White v. White, 556 Fed. Appx. 10 (2d Cir., 2014) [Fed & State Judicial Remedies] [Petition Denied]



In  White v. White, 556 Fed. Appx. 10 (2d Cir., 2014) the father brought an action against his former wife, pursuant to Hague Convention, for the return of his son from New Jersey. The United States District Court, 2013 WL 1340145, adopted the report
and recommendation of the United States Magistrate Judge,  2012 WL 3041660, and
dismissed action as barred by Rooker-Feldman doctrine, res judicata, and
collateral estoppel and for failure to state a claim. The Second Circuit affirmed for substantially the same reasons stated by the district court and by the magistrate judge, whose report and recommendation was adopted by the district court.   This action was in essence a protracted custody dispute on appeal from a state court judgment granting custody of Appellant's son to his ex-wife in New Jersey.   It rejected the father’s argument that the Hague Convention on the Civil Aspects of International Child Abduction and its implementing statute, the International Child Abduction Remedies Act, required the return of his son to his custody in New York and repayment of monies that Appellant has paid to Appellee since 2005. It pointed out that the Hague Convention"does not establish substantive standards for resolving the merits of any underlying custody dispute."   Mota v. Castillo, 692 F.3d 108, 112 (2d Cir.2012) (citing Hague Convention, art. 19).  Rather, the Convention's focus is simply upon whether a child should be returned to her country of habitual residence for custody proceedings.  The German Court's determination of "habitual residence," therefore, did not bear upon the New York state court custody proceedings.   The conduct of such proceedings in New York is entirely consistent with the German Court's order.   Thus, procedural bars aside (all of which the district court correctly found applicable), Appellant's complaint failed to state a claim, and amendment would have been futile.

  

Tuesday, August 26, 2014

Vilchis v. Hall, Not Reported in F.Supp.2d, 2014 WL 2978378 (N.D.Ill.)[Mexico] [Habitual Residence] [Petition Denied]
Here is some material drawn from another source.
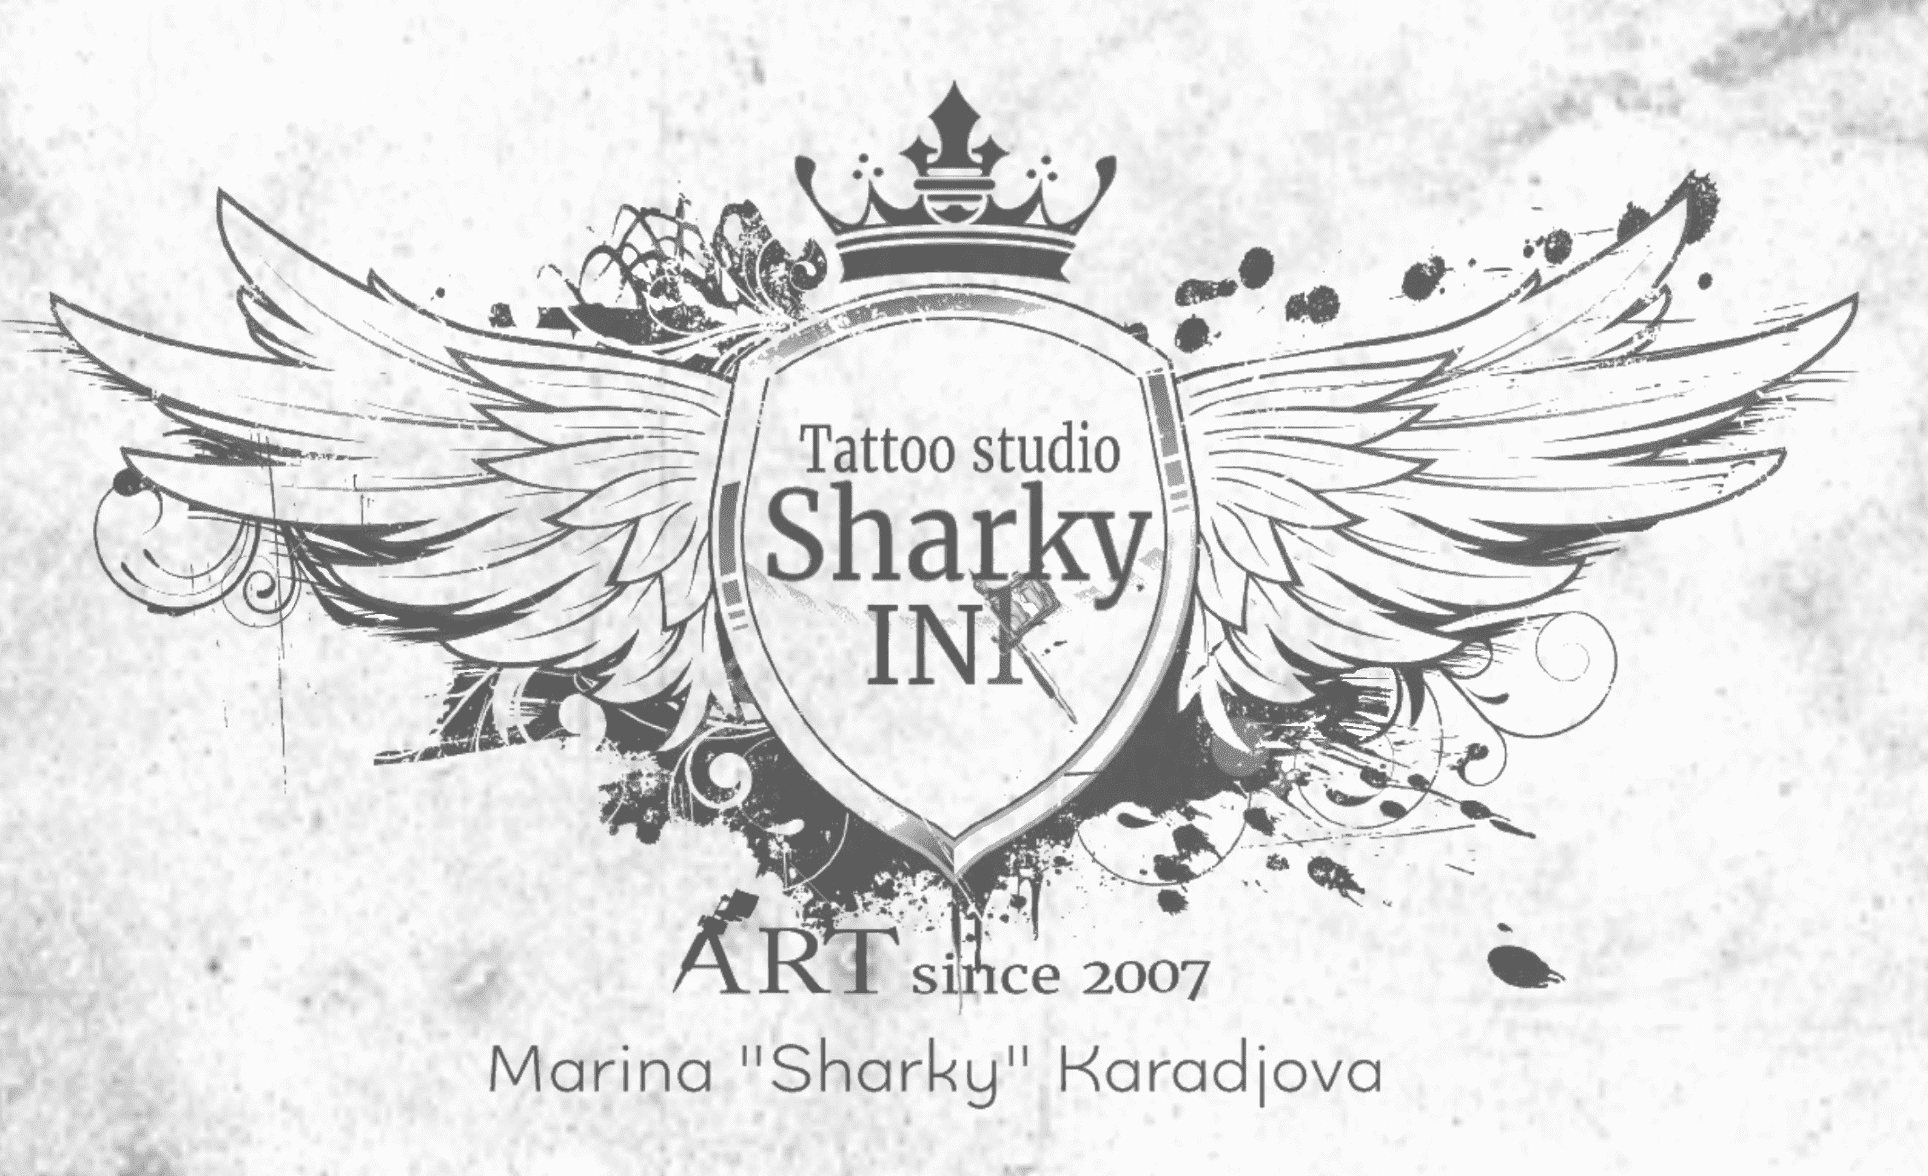 sharkyink.bg

In Vilchis v. Hall, Not Reported in F.Supp.2d, 2014 WL 2978378 (N.D.Ill.) Petitioner Carmen Marlyn Solano Vilchis and Respondent Anthoney Wayne Hall were
the parents of two daughters ages five and seven. Solano was born in Mexico and was a citizen of Mexico.   In 1999, when  she was thirteen years old, Solano moved to the United States with her family and settled in Illinois. She resided in the  United States as an undocumented immigrant. Hall was born in Illinois, and was a United States citizen. Solano gave birth to their first daughter in May 2007 and their second daughter in November 2008.  The children were United States citizens.  The couple lived together sporadically in the Chicago area until October 2010.  In October 2010, Solano told Hall that she and her family had to leave Illinois immediately, within a day or two, due to threats made against Solano's sister by the sister's husband, a man named Juan Hacha. The court expressly found that Solano would not have wanted to leave Illinois but for that threat.   Hall did not want to leave Illinois and did not want the children to leave Illinois.  Hall decided to leave Illinois with Solano so that he could remain with their children.  At first, Solano told Hall they were going  to California.    At some point during the trip, which the entire  group took in Hall's truck and two other vehicles, Solano and her family told Hall that they in fact were going to Mexico.  Hall persuasively testified that he never wanted to move himself and the children to Mexico.   At the time he agreed to leave Illinois, Hall did not intend for the children to establish residence in Mexico. Solano, her family, Hall, and the children arrived in Mexico in mid-October 2010.  They spent about two weeks in northern Baja California and  then went to Mexico City.  In late November 2010, Hall went to the United States Embassy in Mexico City to ask for help in getting the children back to the United States. After a brief stay in Mexico City, Solano and the children moved to the Tijuana area, directly across the border from the United States. Hall returned to Illinois in December 2010 and stayed there for several weeks.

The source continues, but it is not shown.